4A_396/2014: Sachliche Zuständigkeit des Handelsgerichts Zürich nach Art. 164 HRegV verneint (amtl. Publ.)

Die B. AG wurde nach Durch­führung der Liq­ui­da­tion im Han­del­sreg­is­ter gelöscht. Die Beschw­erde­führerin beantragte dem Han­dels­gericht des Kan­tons Zürich, die B. AG in Liq­ui­da­tion sei zwecks Ein­leitung eines Betrei­bungsver­fahrens gestützt auf einen Ver­lustschein wieder im Han­del­sreg­is­ter einzu­tra­gen.

Das Han­dels­gericht verneinte seine sach­liche Zuständigkeit. Die gegen diesen Entscheid erhobene Beschw­erde wies das Bun­des­gericht ab. Das Han­dels­gericht hat­te gemäss Bun­des­gericht seine Zuständigkeit zu Recht verneint (Urteil 4A_396/2014 vom 20. Novem­ber 2014).

Das Bun­des­gericht hat­te zu klären, ob das Wiedere­in­tra­gungsver­fahren nach Art. 164 HRegV unter den bun­desrechtlichen Begriff der Stre­it­igkeit­en aus dem Recht der Han­dels­ge­sellschaften und Genossen­schaften gemäss Art. 6 Abs. 4 lit. b ZPO fällt (E. 2.2 und 2.3). Das höch­ste Gericht verneinte diese Frage.

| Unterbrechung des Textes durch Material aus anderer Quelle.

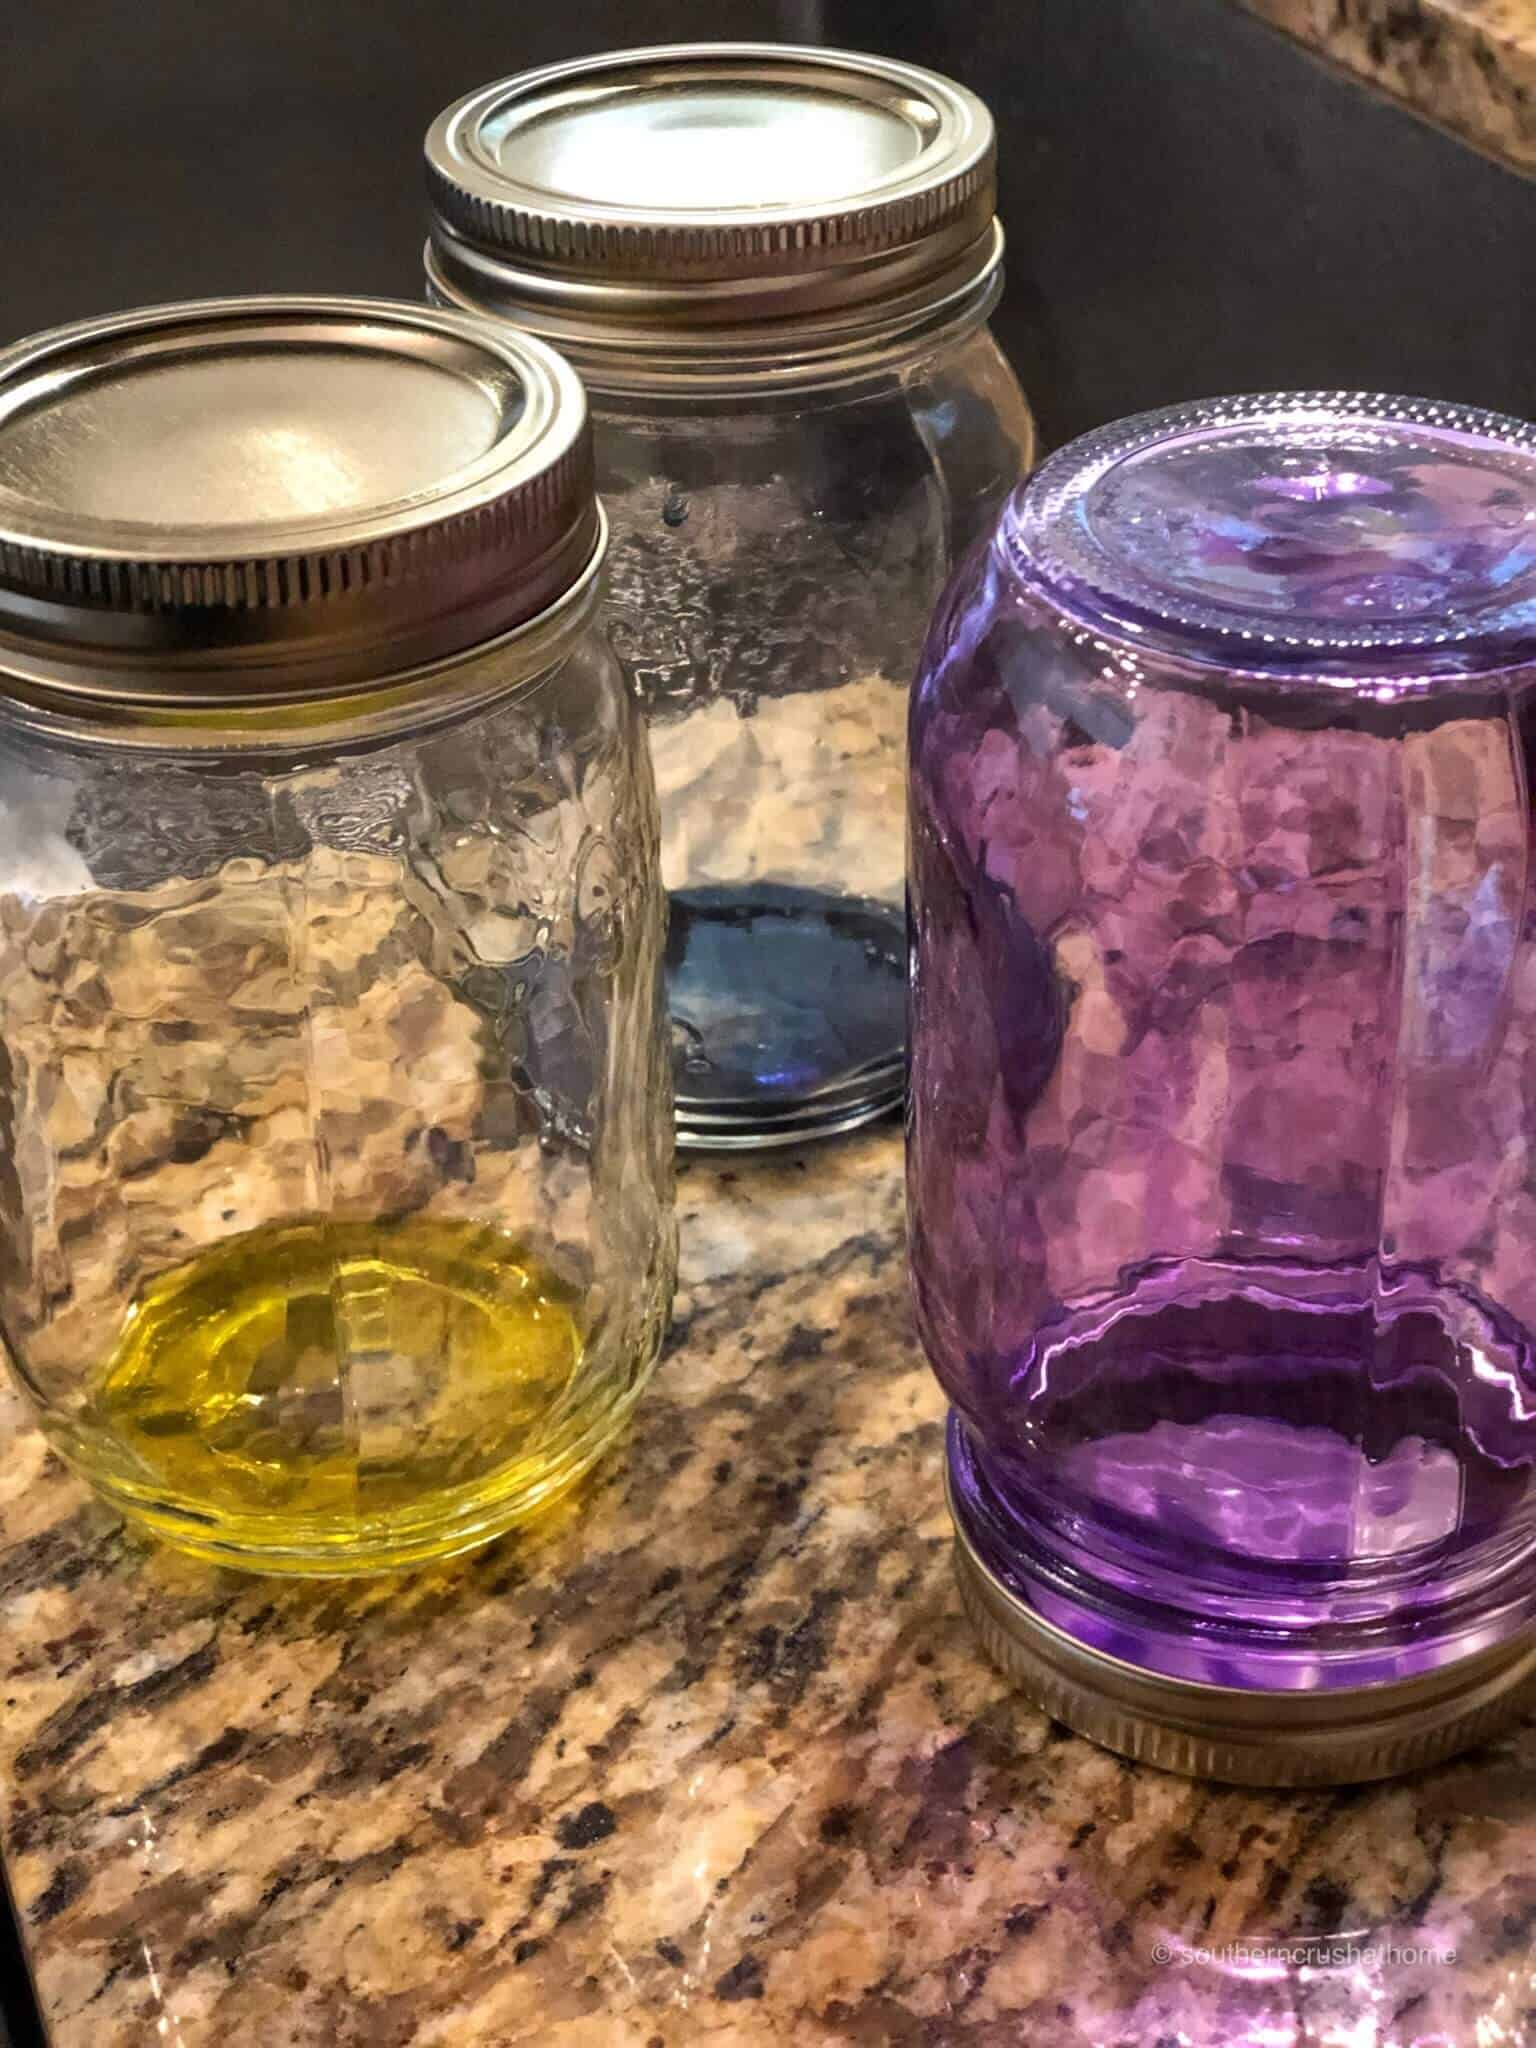 Decorative Glass Jar Small Small Shabby Style Mason Jar

Der Wort­laut des Begriffs “Stre­it­igkeit­en” schliesse nicht­stre­it­ige Ver­fahren der frei­willi­gen Gerichts­barkeit aus. In sys­tem­a­tis­ch­er Hin­sicht seien kon­tradik­torische Ver­fahren gemeint, die auf die endgültige, dauernde Regelung zivil­rechtlich­er Ver­hält­nisse abzie­len (vgl. zum Ganzen E. 2.5). In den Mate­ri­alien finde sich keine aus­drück­liche Aus­sage und die aufge­hobe­nen kan­tonalen Regelun­gen hat­ten die frei­willige Gerichts­barkeit eben­falls von der sach­lichen Zuständigkeit der Han­dels­gerichte ausgenom­men (E. 2.7). Zur Beurteilung der sich stel­len­den Fra­gen bei einem Wiedere­in­tra­gungsver­fahren sei überdies wed­er Branchen­wis­sen noch ein spez­i­fisch gesellschaft­srechtlich­es Wis­sen erforder­lich, weshalb es auch in tele­ol­o­gis­ch­er Hin­sicht gerecht­fer­tigt sei, Art. 6 Abs. 4 lit. b ZPO wörtlich zu ver­ste­hen (E. 2.8).